Флетчера привели в комнату смерти. Он это понял, как только открылась дверь. Серый линолеум, белые стены с темными пятнами, возможно, крови, потому что кровь, безусловно, лилась в этой комнате. Лампы под потолком, забранные в проволочные клетки. Посреди – длинный деревянный стол, за которым сидели три человека. Перед столом – стул, ожидающий Флетчера. Рядом со стулом небольшой столик на колесиках. На нем – какой-то предмет, закрытый куском материи. Так скульптор закрывает свою незавершенную работу.
Флетчера то ли подвели, то ли подтащили к приготовленному для него стулу. Его шатало в цепких руках охранника, и он позволял себе шататься. Если он выглядел более изумленным, более потрясенным случившимся, чем на самом деле, его это вполне устраивало. Он считал, что его шансы покинуть подвал министерства информации один или два к тридцати, причем этот прогноз еще следовало назвать оптимистичным. Но, какими бы они ни были, Флетчер не собирался уменьшать их, показав, что паника не застилает туманом мозг и он способен адекватно оценивать ситуацию. Заплывший глаз, раздувшийся нос, разбитая нижняя губа помогали создавать видимость охватившего его безумного страха. Как и корочка крови, темно-красная бороздка, запекшаяся на подбородке. Одно Флетчер знал точно: если он покинет эту комнату, остальные, охранник и трибунальная тройка, сидящая за столом, умрут. Газетный репортер, раньше он никого не убивал, кроме ос и комаров, точно знал: чтобы выйти отсюда, убьет не задумываясь. Он думал о своей сестре, прогуливающейся по католической миссии. Он думал о своей сестре, тело которой плыло по реке с испанским названием. Он представлял, как в полдень солнечные лучи играли на поверхности воды, как ярко сверкала она под этими лучами. Они подошли к стулу. Охранник с такой силой усадил на него Флетчера, что тот едва не свалился вместе со стулом на пол.
– Эй, осторожнее, несчастные случаи нам не нужны, – подал голос один из мужчин, сидевших за столом. Эскобар. К охраннику он обращался на испанском. Слева от Эскобара сидел другой мужчина.

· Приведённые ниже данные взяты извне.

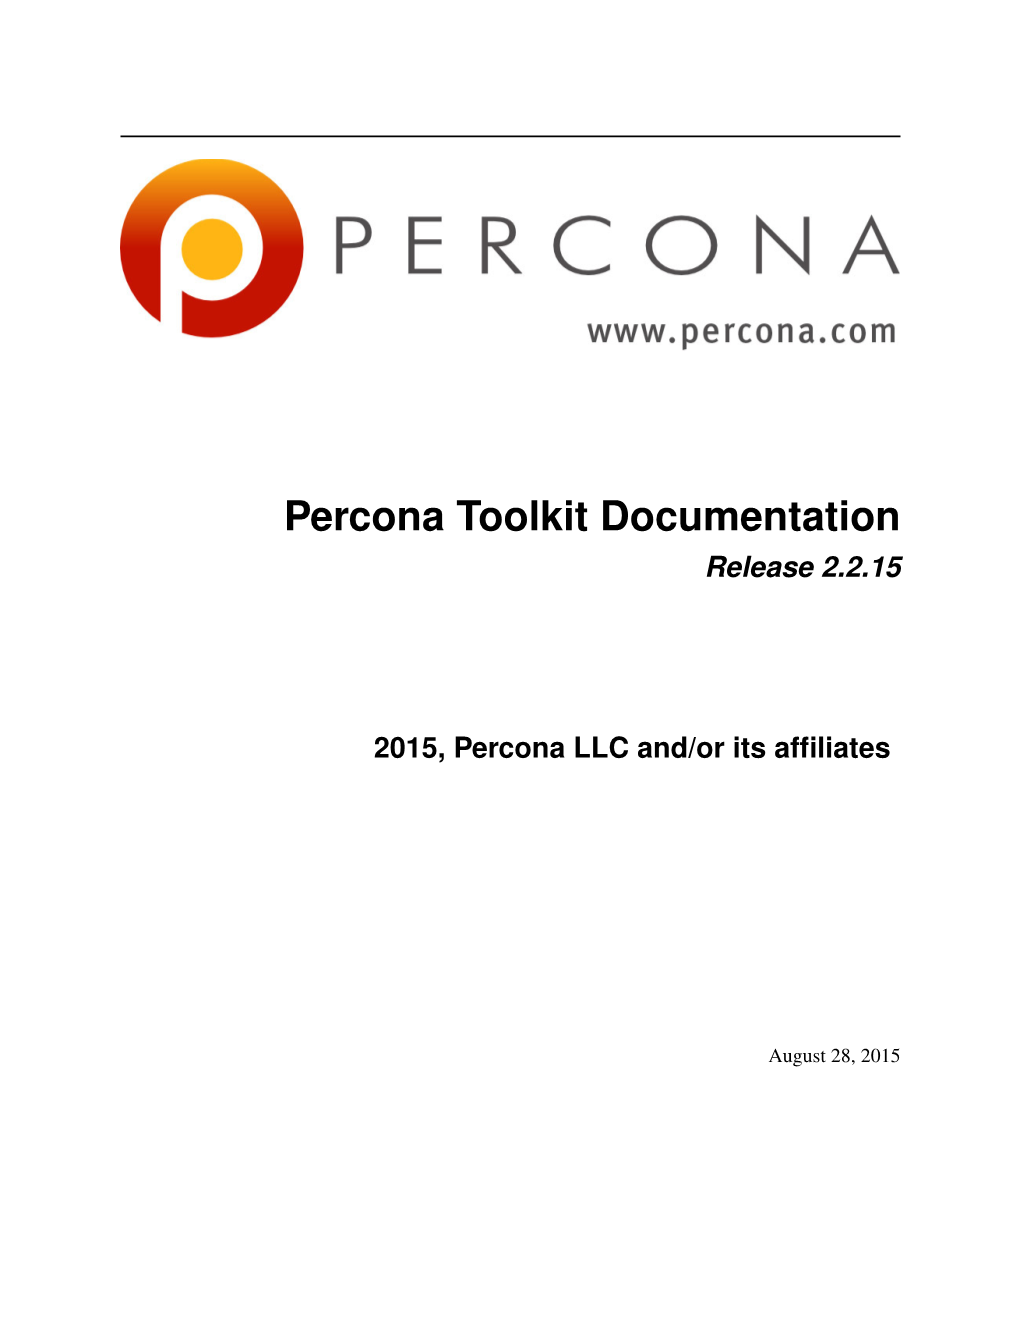 Percona Toolkit Documentation Release 2.2.15

Справа – женщина. Оба худощавые. В отличие от жирного и лоснящегося, как дешевая свеча, Эскобара. Прямо-таки киношного мексиканца. Он занимал пост министра информации и иногда в вечернем выпуске новостей сообщал на английском прогноз погоды. Если появлялся на экранах телевизоров, обязательно получал письма поклонниц. В костюме он не выглядел сальным. Просто упитанным. Флетчер все это знал. Он написал об Эскобаре три или четыре статьи. Колоритная личность. И при этом, судя по слухам, – палач, обожавший пытать людей. «Центрально-Американский Гиммлер», – подумал Флетчер, с удивлением открыв для себя, что чувство юмора не покидает человека и в состоянии ужаса.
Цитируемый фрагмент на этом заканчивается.